The chapters are grounded in ethics-related theories and frameworks including critical theory, ecofeminism, gustatory ethics, environmental ethics, ethics within a political economy context, cultural relativism, market construction paradigm, ethical resistance, and the Global Sustainable Tourism Criteria. Several chapters explore contradicting and paradoxical ethical perspectives, whether those contradictions exist between government and private sector, between tourism and other industries, or whether they lie within ourselves.

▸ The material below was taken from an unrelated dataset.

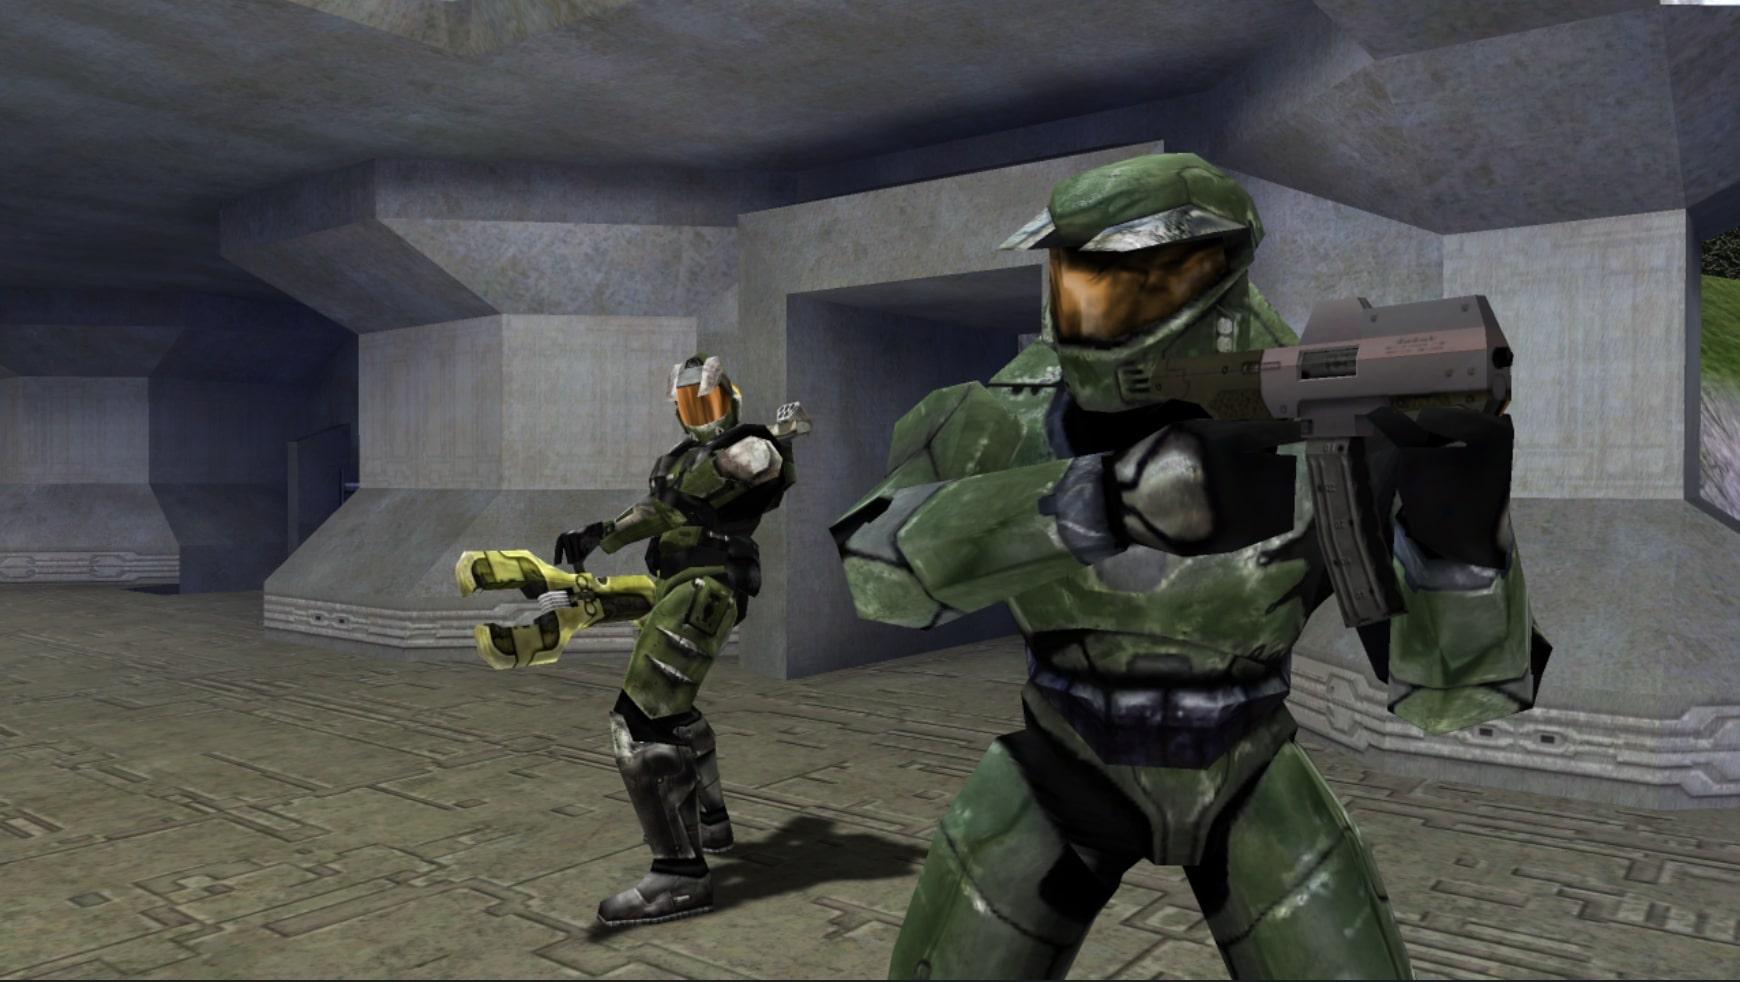 Halo: Combat Evolved devs almost scrapped one of the series' most iconic  vehicles

Like the authors in Tourism Experiences & Animal Consumption: Contested Values, Morality, & Ethics, the authors in this book wrestle with a range of issues such as animal sentience, the environmental consequences of animals as food, viewing animals solely as a extractive resource for human will, as well as the artificial cultural distortion of animals as food for tourism marketing purposes. This book will appeal to tourism academics and graduate students as a reference for their own research or as supplementary material for courses focused on ethics within tourism.